Umbria, pensioni da fame
La scorsa settimana il Corriere dell'Umbria ha pubblicato una notizia che è passata quasi inosservata, derubricata a componente della normalità delle cose. Eppure si tratta di una notizia derivata dal notiziario sociale Inps, a pensarla bene, sconvolgente: oltre il 77% delle pensioni in Umbria sono inferiori ai mille euro al mese. La loro media è esattamente di 729,50 euro. Significa che i quattro quinti dei circa 320mila assegni pensionistici pagati in Umbria, non sono tali da assicurare ai loro percettori livelli di vita dignitosi, in qualche caso minimi. La percentuale umbra è superiore a quella nazionale che è comunque al di sopra del 70%. La cosa che colpisce con maggiore sgradevolezza nella nostra regione è il dato, per cosi dire, femminile. Le donne percepiscono un importo medio di 551,41 euro mensili. E' evidente che questi dati esprimono ancora l'arretratezza del sistema produttivo umbro del passato caratterizzato, basti pensare alla mezzadria o all'industria tessile, da contributi nulli o bassissimi (specie per la manodopera femminile) cui corrispondono altrettanto bassi importi pensionistici. La loro media a Terni è infatti superiore a quella perugina, per effetto di quelli degli ex siderurgici delle Acciaierie. Il futuro umbro non è comunque per nulla rassicurante. Continua a permanere infatti, anche se forse ridotto, un differenziale significativo tra i salari umbri, relativi contributi previdenziali e la media nazionale. La fortuna, per così dire, dei pensionati e delle pensionate umbre è che essi, in genere, sono ospitati in contesti familiari che attutiscono in maniera determinante i casi di estrema indigenza. Ma per chi è solo e abita m città, sono dolori. Si tratta di persone escluse da quella forma di economia curíense caratterizzata dalla pensione del padre o della madre che funge da reddito integrativo dello stipendio dei figli, sistema che, per anni, ha sorretto la struttura sociale umbra. La crisi, la disoccupazione, la difficoltà a trovare o recuperare lavoro lo hanno da tempo messo in difficoltà e, realisticamente, nulla lascia presagire che per il futuro, almeno di medio periodo, le cose possano cambiare in maniera significativa.
I dati di cui sopra fanno sommaria giustizia di uno capisaldi delle politiche di questi anni, che hanno guidato ad un progressivo e drastico ridimensionamento delle prestazioni sociali. La rappresentazione di un'Italia scialacquona che, nei decenni passati, avrebbe messo a carico delle nuove generazioni i propri lussi. Ne è stata fatta addirittura una questione di carattere morale. Sepolcri imbiancati! Ma di che lussi parlate, con mille o cinquecento euro di pensione al mese , dopo una vita di lavoro?!
Ora questa, che è una vera emergenza nazionale, è completamente ignorata dal mondo politico. E' una curiosa Italia quella nella quale viviamo, un Paese nel quale si cercano le risorse per esentare dal pagare le tasse sulla casa anche chi non è ha bisogno, oppure si da una mancia di ottanta euro (solo) a una parte dei lavoratori, ma non ci si cura minimamente di dare, ai più esposti e bisognosi (e anche a chi, dopo tanti anni di fatiche, ne avrebbe maggior diritto) condizioni di dignità.
Ora immancabilmente, a questo punto del ragionamento, viene proposta la presunta insostenibilità del sistema pensionistico.

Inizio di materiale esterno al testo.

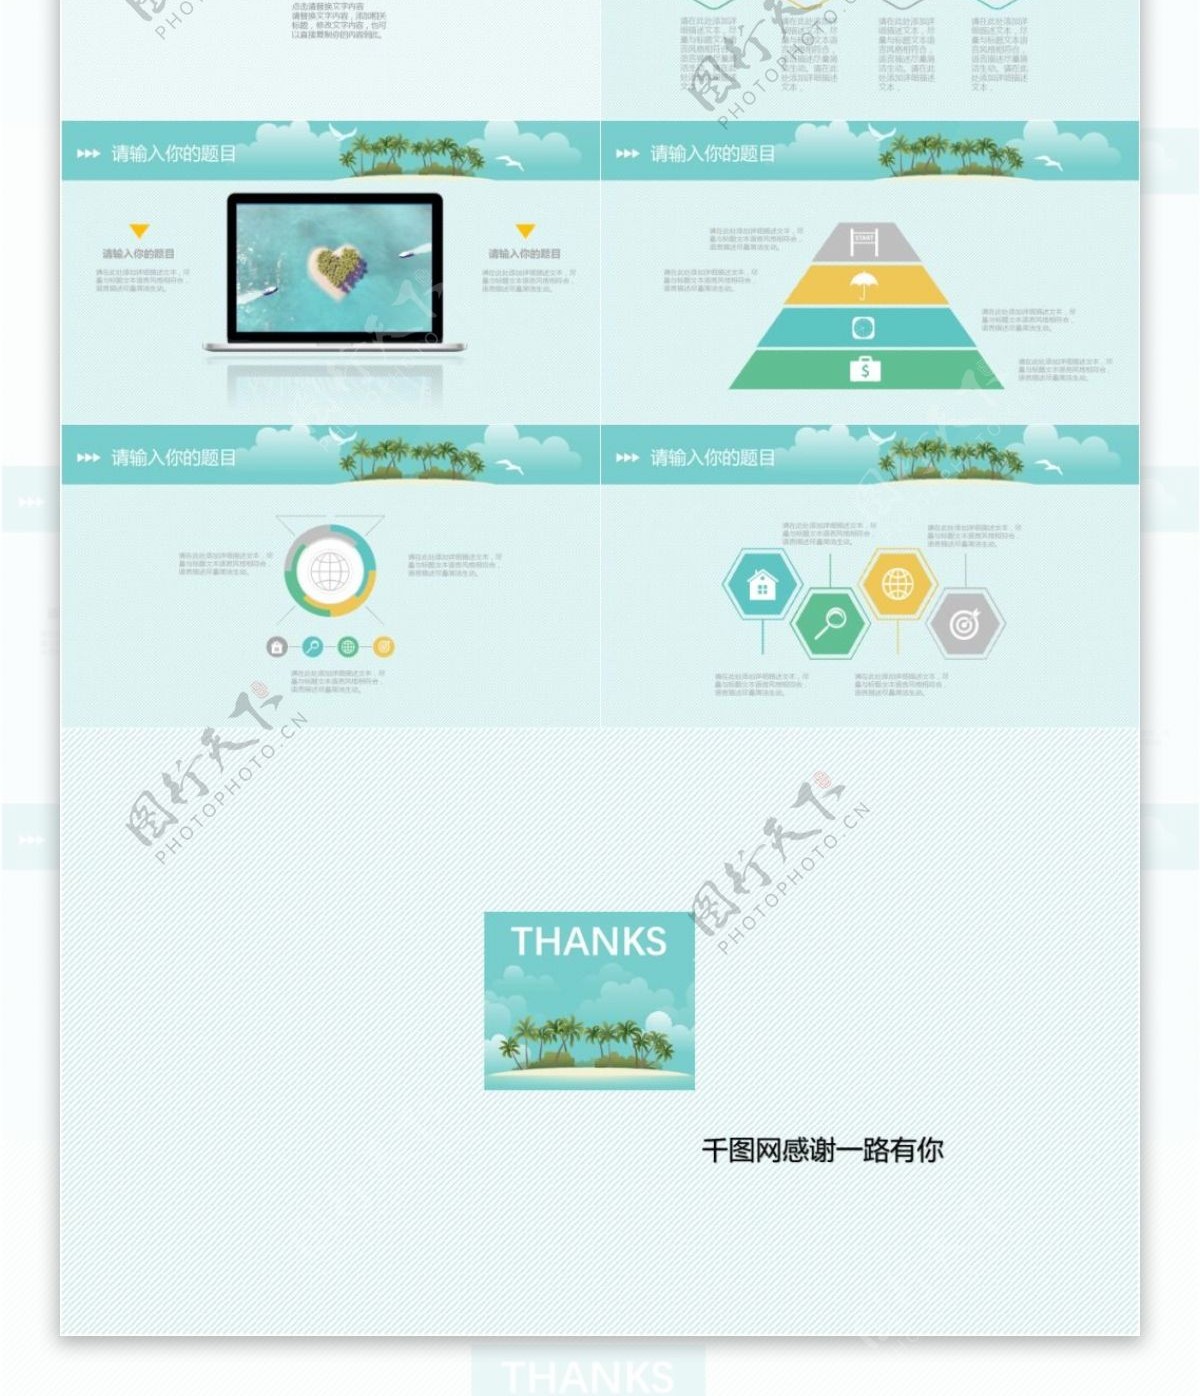 夏日海岛游项目策划宣传动态产品介绍PPT模板免费下载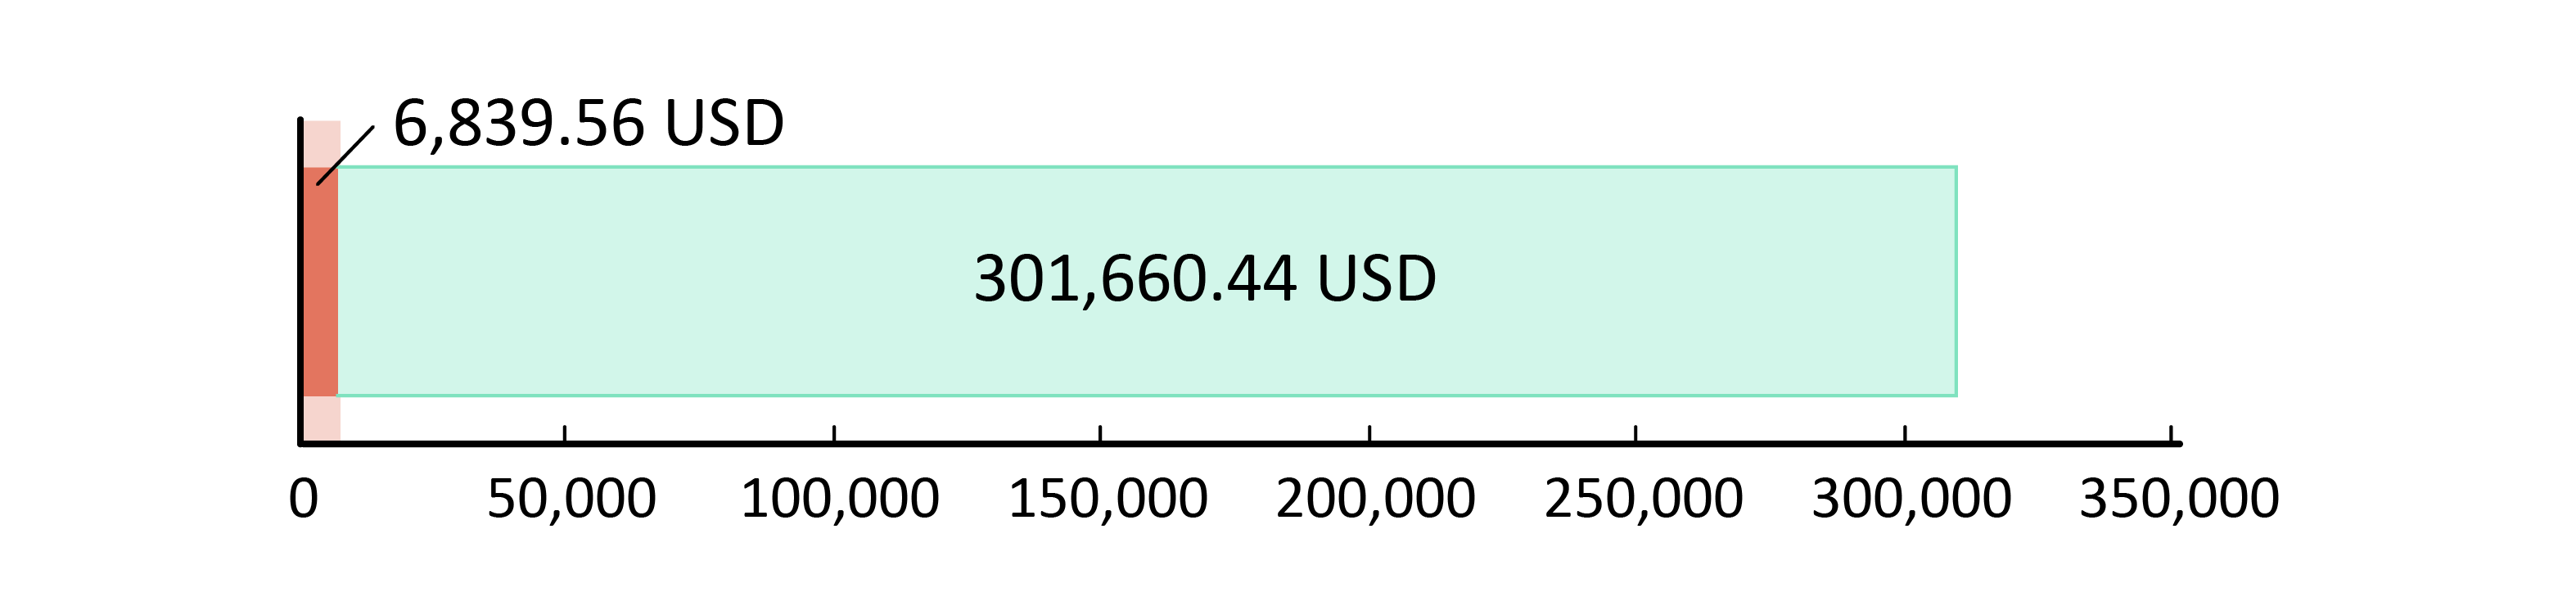 6,839.56 USD bağışlandı; 301,660.44 USD kaldı

Ma questa pretesa insostenibilità è determinata, come si vede, non dal valore delle prestazioni. Essa è stabilita dai "mercati". Ridurre la moneta circolante, aumenta la sua forza. Questo concetto è stato così ben applicato in Europa e in Italia che ha dato origine ad una lunga fase deflattiva, dalla quale non vi sono segnali seri di ripresa. La sostenibilità può essere assicurata in due modi: quello di tagliare le prestazioni (cosa che è stata fatta senza tregua da vent'anni a questa parte) o aumentando gli introiti con una politica espansiva che combatta la disoccupazione.
Per questo, a ben pensarci, i pensionati attuali possono considerarsi anche fortunati. Loro, bene o male e anche se misera, una pensione ce l'hanno. Pe i giovani di oggi non ci sarà neanche quella.
Leonardo Caponi
Questo articolo è stato pubblicato dal quotidiano Corriere dell'Umbria di martedi 3 novembre 2015.
L'autore ha autorizzato la sua riproduzione anche su Umbrialeft.